A four-day meeting in Bangkok seemed interminable at a time that the situation at home was tense and explosive. The news and email messages I received indicated a dreadful scenario—the exposés and allegations related to the manipulation of the 2004 national elections and the jueteng bribes to Gloria Macapagal Arroyo’s husband, son and brother- in-law could anytime unmake her administration.
Wouldn’t it be exciting to be in Manila and to be in the thick of things? To be honest, I enjoyed the relaxing atmosphere in a quiet and leafy part of the Chulalongkorn University. A few blocks away from the campus is the well-preserved Jim Thompson teakwood house, now a museum, which is a sanctuary for anyone who wants to escape Bangkok’s bustle.
Yet, I could not fully loosen up as colleagues from different parts of Asia kept badgering me with the same question: “What’s happening to the Philippines?”
It was then time to return to Manila. I could not help but think of how to go about our unfinished advocacy with regard to the fiscal crisis as a bigger political crisis grips the country. Contrary to what government and some foreign analysts are saying, the fiscal problem is not about to ease. Congress mangled the key legislative tax measures (i.e., the excise tax on sin products and the expansion of the coverage and increase in the rate of the value-added tax).
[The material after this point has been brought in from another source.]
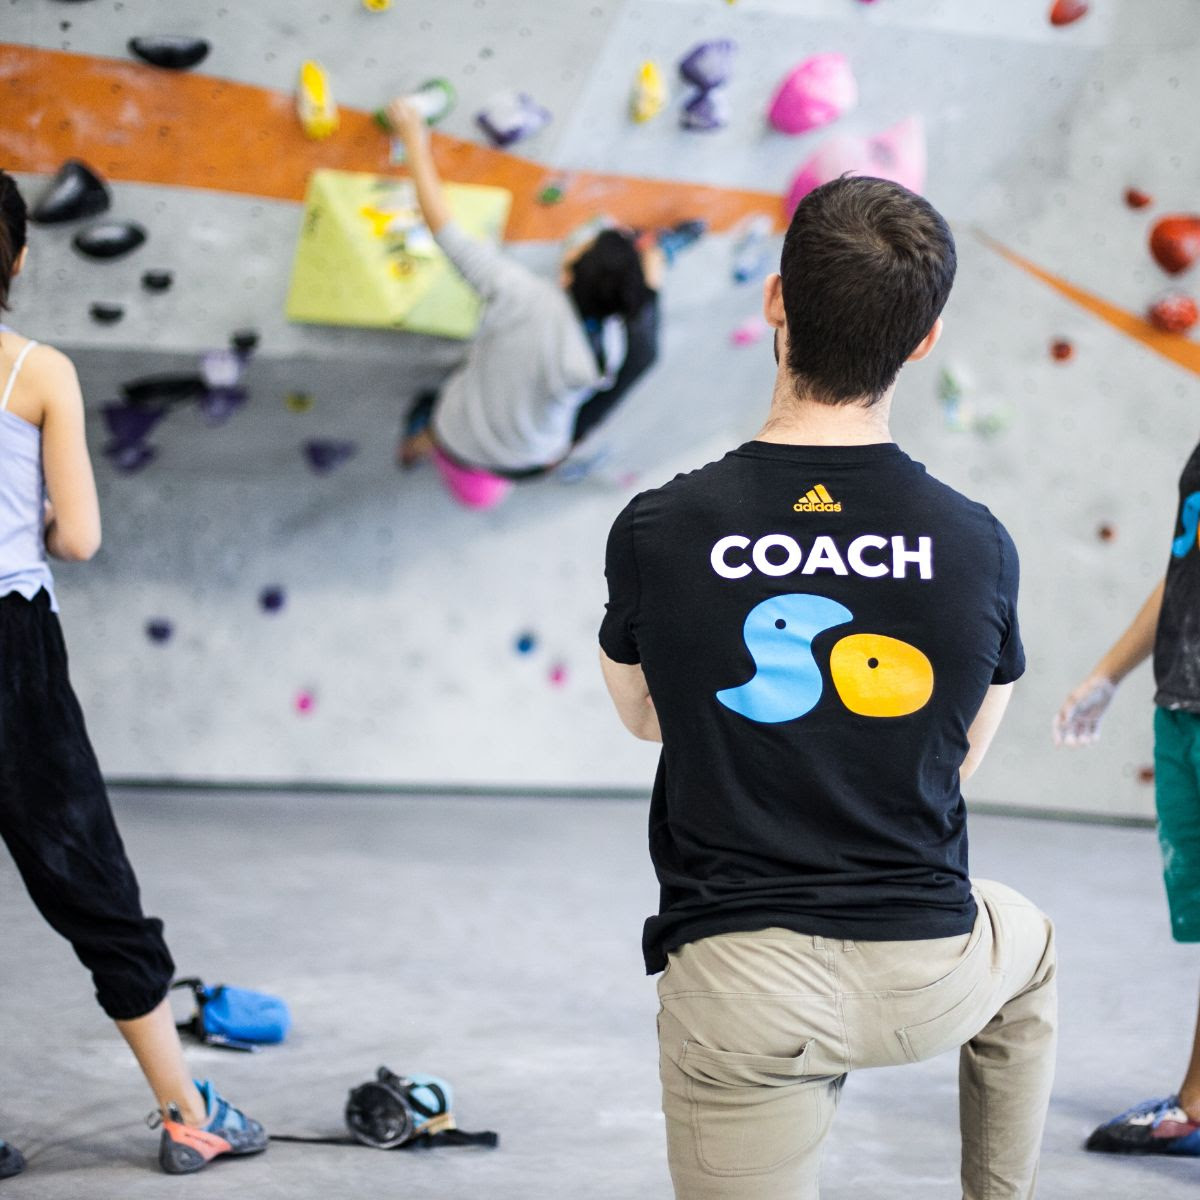 Two kids bouldering on a colorful climbing wall.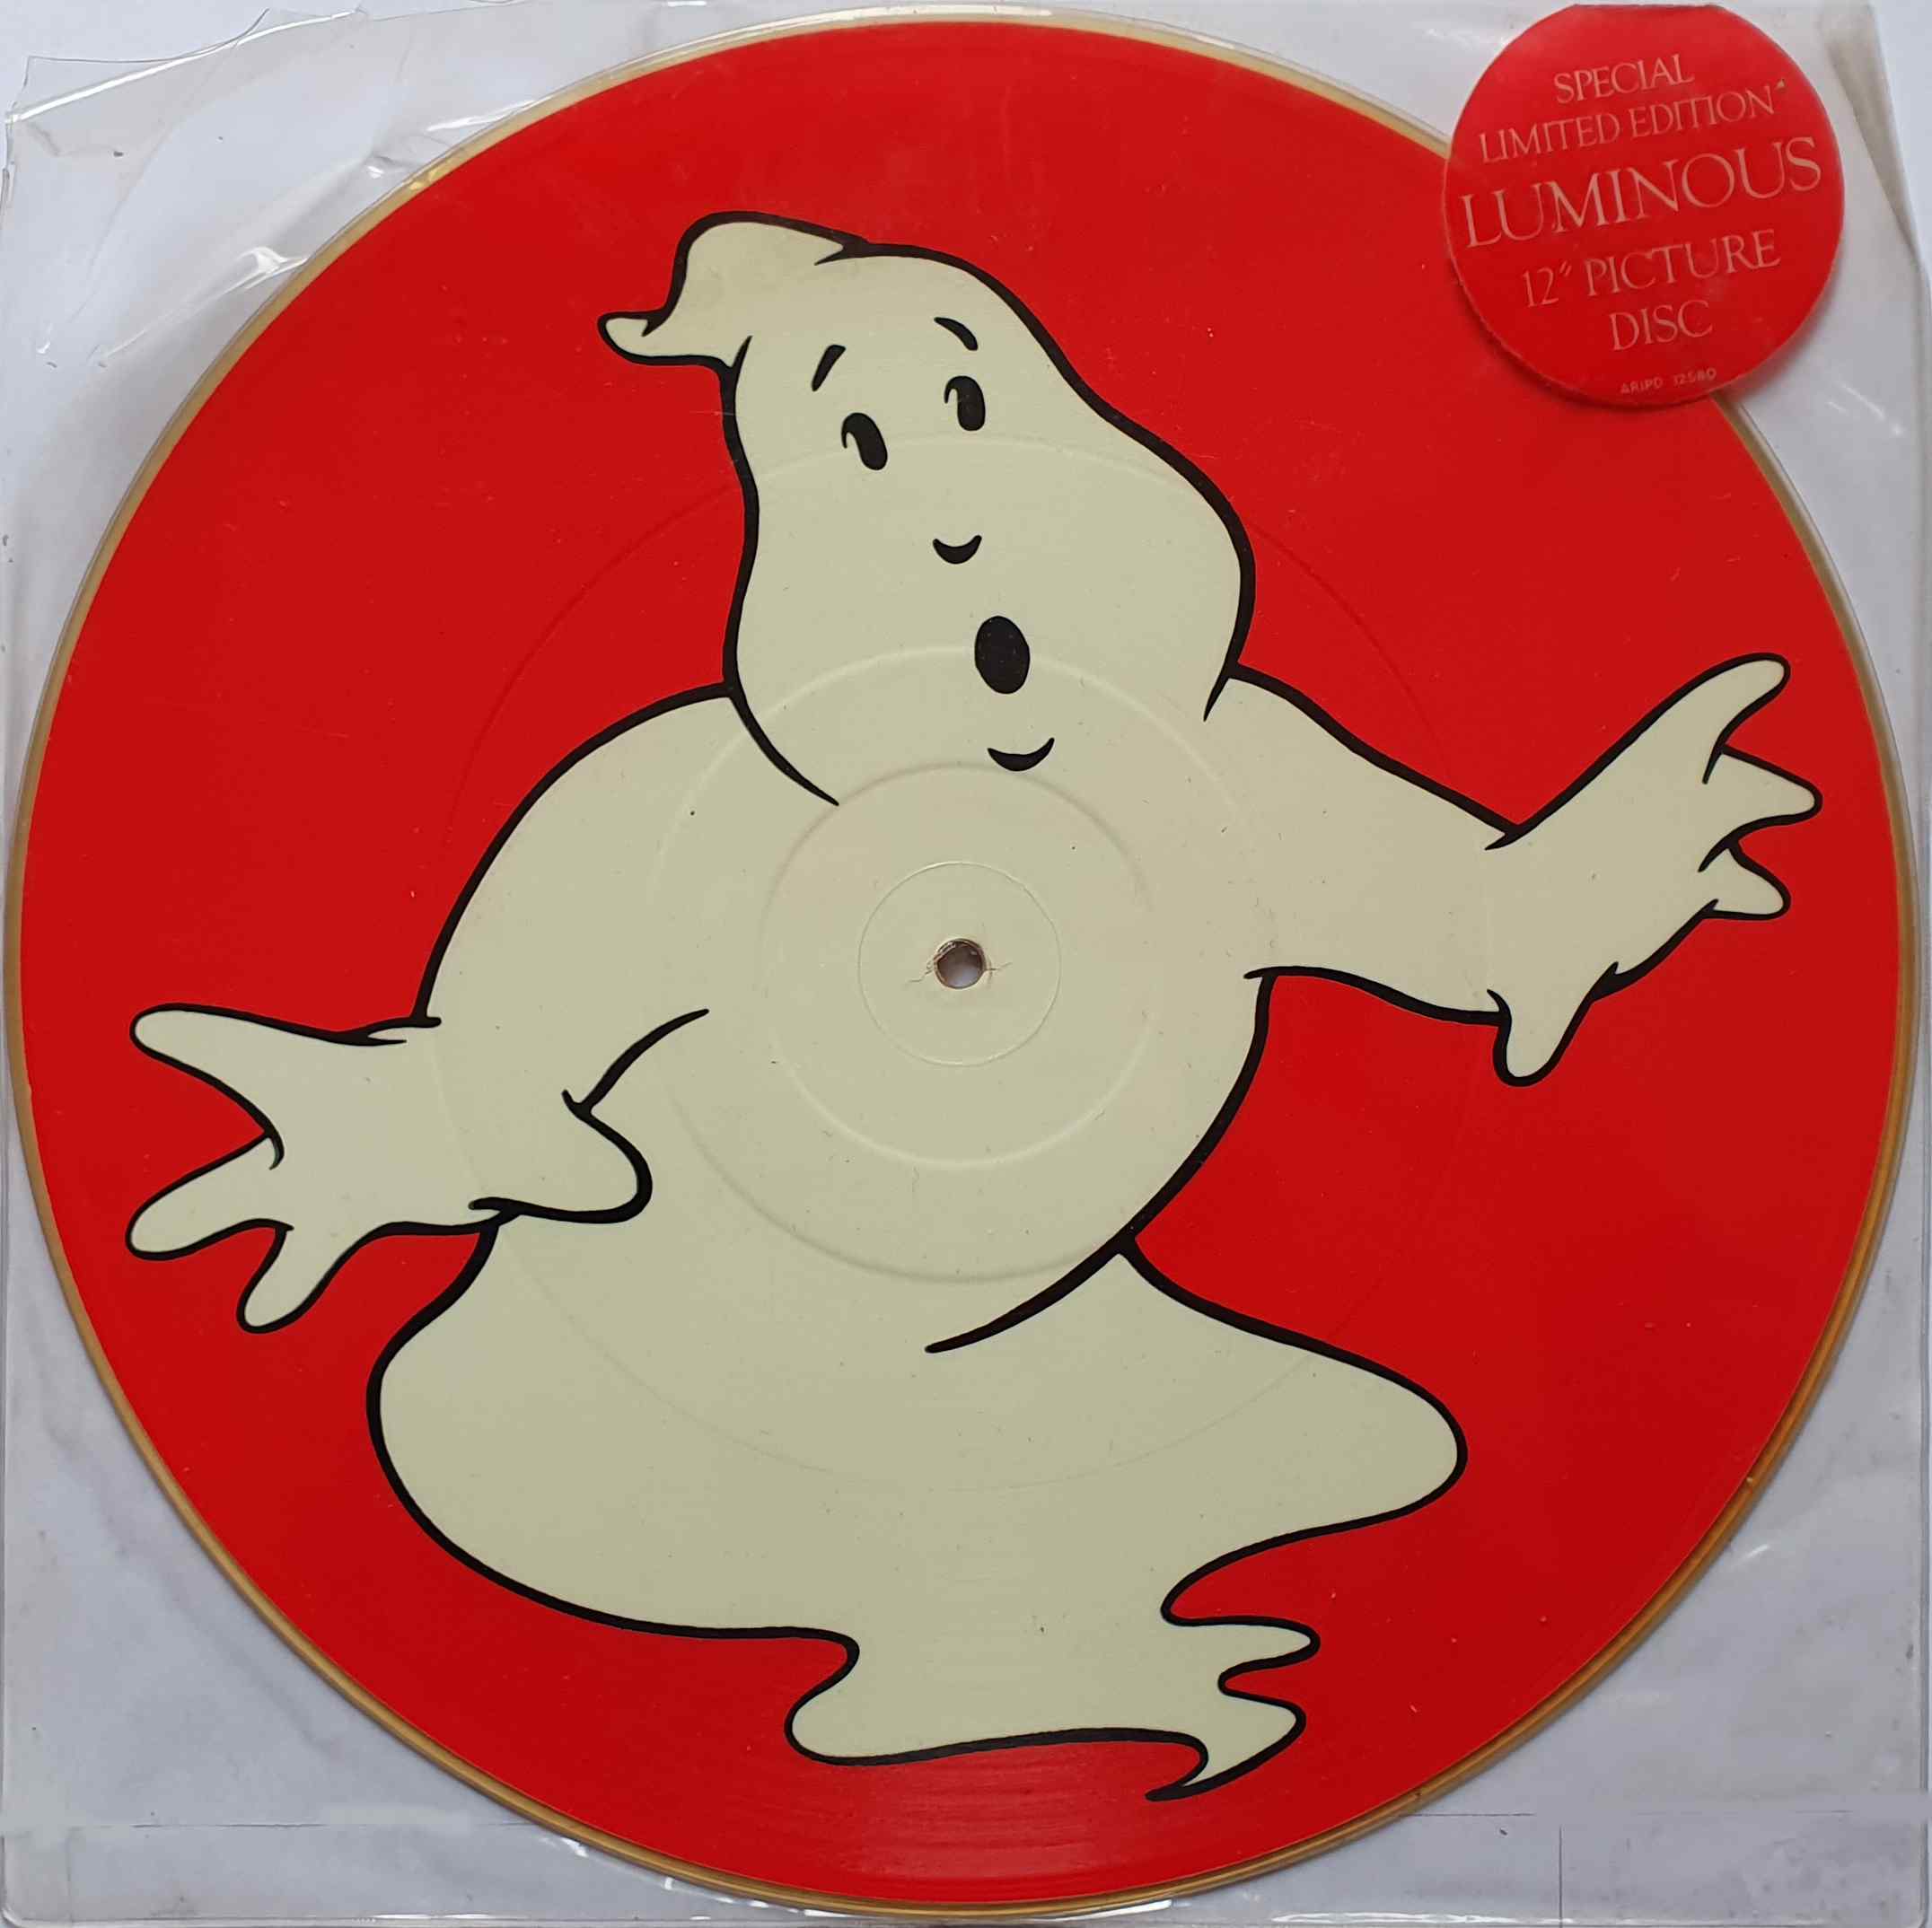 Picture of ARIPD 12580 Ghostbusters (Special limited edition - Luminous) by artist Ray Parker Junior

On the return trip, I was seated beside a Filipina balikbayan. Her trip originated in Frankfurt, and she boarded the connecting flight to Manila in Bangkok. She was refreshed, notwithstanding the long journey. She has the morena complexion, the jet hair, the svelte figure, the rhythmic movement, and the politeness that make women like her attractive to Europeans. Indeed she is attached to a German, and happily married for two years. She is in her late twenties, but she was childlike in her excitement to return to the Philippines. This was to be her first visit to the Philippines since her marriage two years ago.
She was teary-eyed when the plane touched down at the Ninoy Aquino International Airport. But unlike the non-Filipino Asian intellectuals that I met in Bangkok who were all interested to know the burning issue in the Philippines, this woman—I did not even bother to ask her name—was the least concerned over the unfolding crisis.
She had already voted with her feet, and Europe is now her home. So why should she care about the multifarious problems that beset the Philippines? The sole purpose of her visit was to see her younger sister, whom she financially supports by way of monthly transfer of hard-earned euros. Her sister and her brother-in-law are both jobless. They depend on the 200 euros that their elder sister and their mother—a nurse who also resides in Germany—remit.
Is this the typical case of the moral hazard that economists have warned of? An Asian Development Bank study, for example, says that the uninterrupted flow of remittances from overseas Filipinos to relatives at home has made dependents complacent in looking for work.Without even suggesting this question to her, the Filipina balikbayan, perhaps reading my mind, told me that her brother-in-law, an engineer, is a very responsible person and that he has been pounding the pavements of Metro Manila to look for work.
I believe her. My wife and I also know of a mechanical engineer who cannot get any productive employment. Labor statistics, however, would now include him as among the “employed” since he has become an irregular itinerant vendor of coconut virgin oil.
Yes, even the highly skilled are finding it difficult to get jobs that correspond to their training and education. Over the years, since the first half of the 1990s, a trend has emerged where the category of young people, either college graduates (including those with post-graduate degrees) or with some college education, has the highest unemployment rate. This is one unique dimension of the phenomenon of jobless growth.
To say that an unemployment crisis exists is not debatable. Sadly, though, it has not merited much public discussion and scrutiny, compared to, say, the fiscal crisis.
Still worse, addressing the unemployment crisis and the fiscal crisis has taken the backseat as Arroyo is now more concerned about her survival. And how could she implement the measures when an increasing number of people, including her former supporters, consider her administration illegitimate?
For the Filipina balikbayan I met on the Bangkok-Manila flight, she would not let the different layers of crisis shaking the foundations of Philippine society dampen her visit. Her attachment to the Philippines is confined to her family. She had made a political and economic decision, which was to leave the country.
Sadly, more and more Filipinos are taking this option of least resistance.